7. Transport Cost is Zero: This is a fallacy of distributed computing because it assumes that the cost of transmitting data between nodes in a distributed system is zero. However, this is not the case in reality. Transferring data between nodes can consume resources such as bandwidth and storage, and these costs should be taken into account when designing distributed systems.

For example, if a distributed system requires a large amount of data to be transferred between nodes, this can consume a significant amount of bandwidth and may result in additional costs for the system. Similarly, storing data on nodes may require the use of additional storage resources, which can also have costs associated with them. Ignoring the cost of data transfer and storage can lead to inefficient use of resources and can negatively impact the performance and reliability of the system.

It’s important to carefully consider the cost of data transfer and storage when designing distributed systems, and to ensure that the system is designed to use these resources efficiently.

8. Network is Homogeneous: This fallacy assumes that all nodes in a distributed system are the same, with no differences in hardware, software, or network infrastructure. However, in reality, distributed systems often consist of nodes with different capabilities and configurations, and these differences can have a significant impact on the performance and reliability of the system.

It’s important to consider the heterogeneity of a distributed system when designing and implementing it, as it can affect the way that the system functions and how it is able to handle failures or changes in the network.

For example, if a distributed system is built on nodes with different hardware or software configurations, it may be necessary to design the system to handle these differences and to ensure that it can continue to function properly even if some nodes fail or are removed from the network.

While watching through Neal Ford communication-styles-for-distributed-architectures-and-microservices, he pointed out two more to be added to the list which I have added below:

9. Just version it: This is a fallacy as it’s not a comprehensive approach to dealing with problems in distributed systems.

In a distributed system, multiple components or subsystems operate independently and communicate with each other over a network. These systems can be complex and prone to various types of failures or issues. Simply “versioning” the system or its components may not be sufficient to address all of the challenges that can arise in a distributed system.

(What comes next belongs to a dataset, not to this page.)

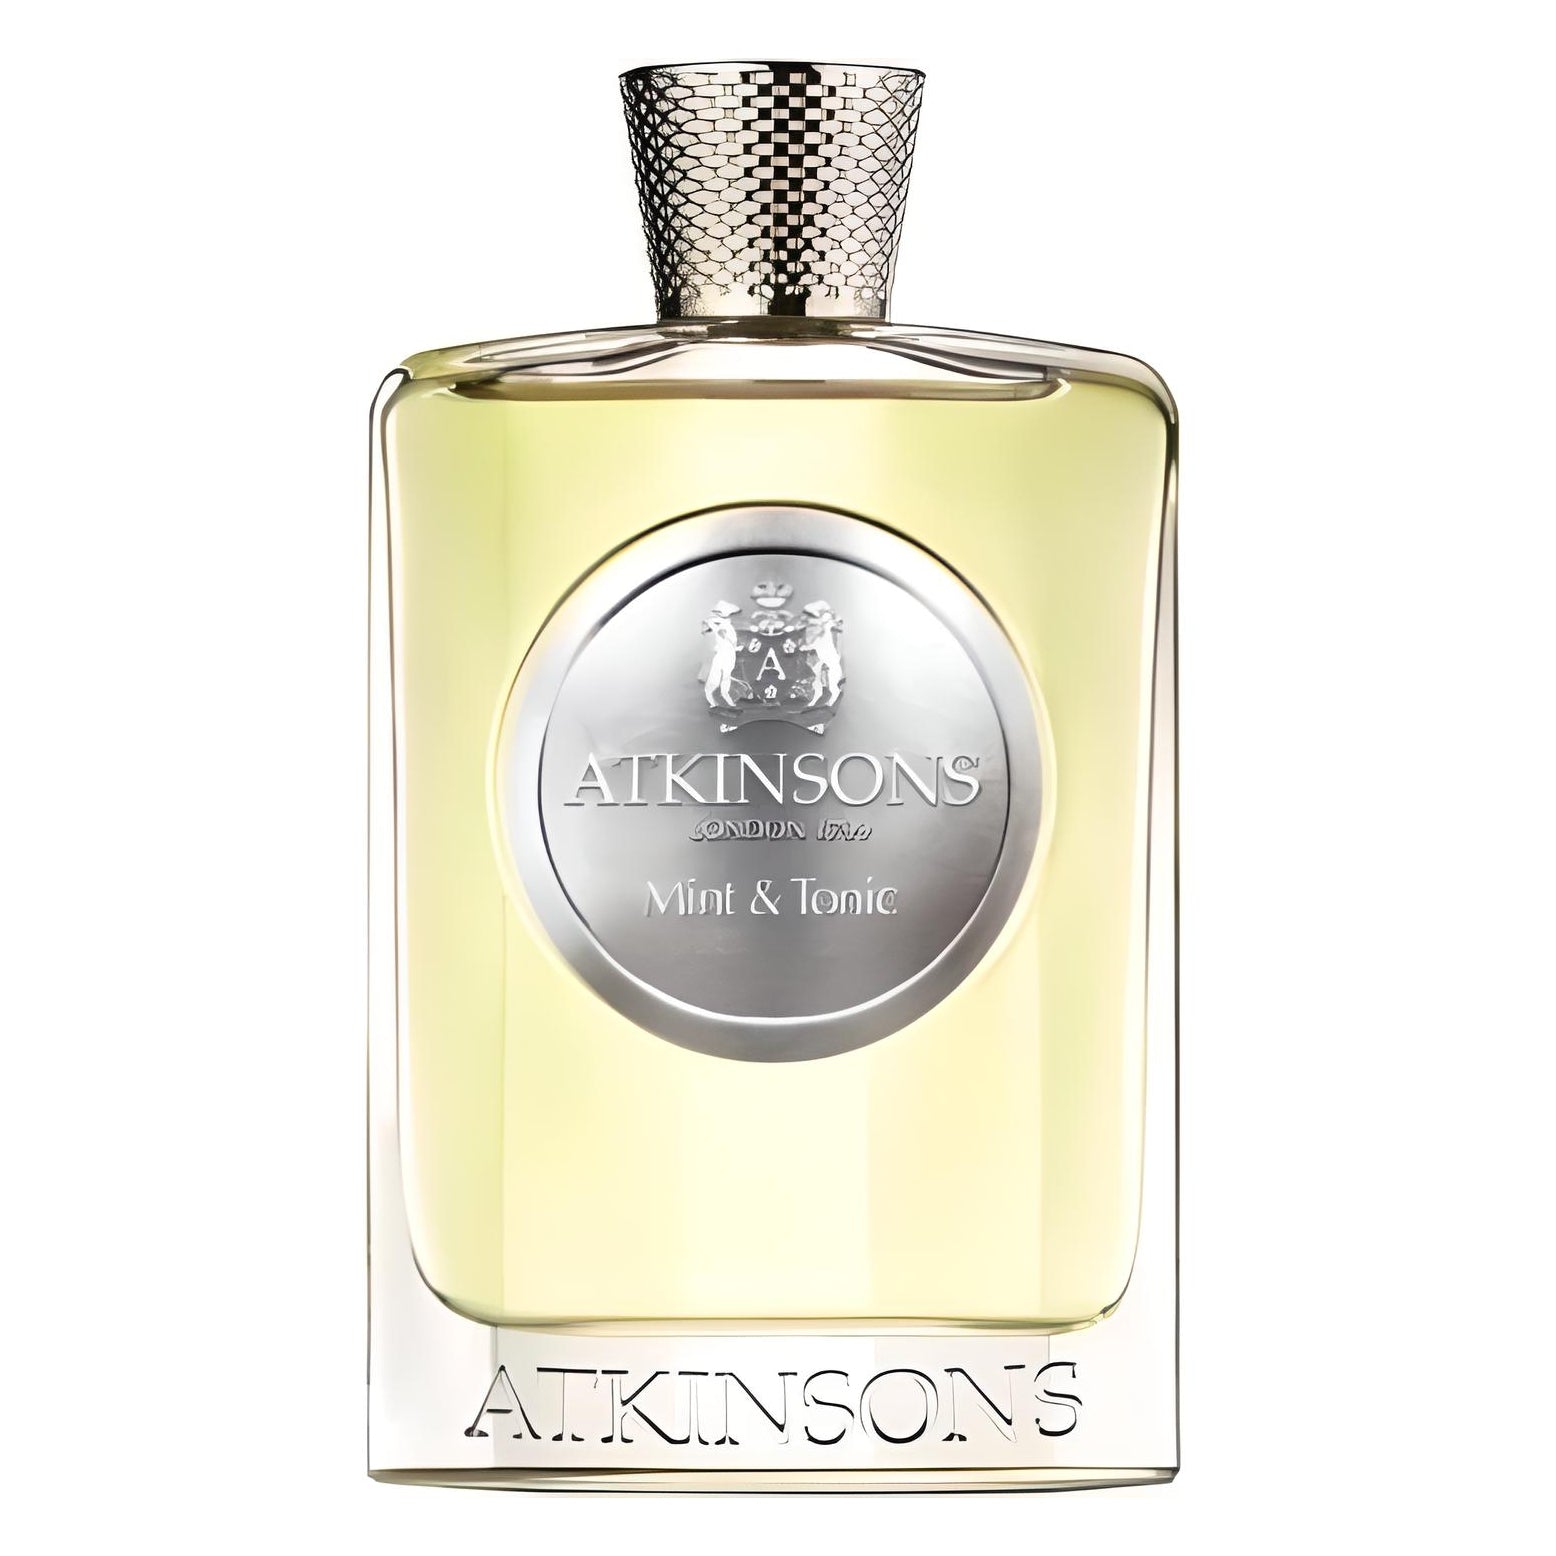 Atkinsons The Eau Collection Mint & Tonic Eau De Parfum Spray

Effective management of distributed systems requires a robust set of strategies and techniques to ensure that the system is reliable, scalable, and resilient. This can include measures such as monitoring and logging to identify and troubleshoot issues, implementing failover and recovery mechanisms, and using versioning as part of a broader strategy for maintaining and updating the system.

In short, while versioning can be a useful tool for managing distributed systems, it’s not a standalone solution and should be part of a larger approach to maintaining and improving the reliability and performance of the system.

10. Compensating updates in transactional sagas always work: This is a fallacy as it is an overly optimistic assumption.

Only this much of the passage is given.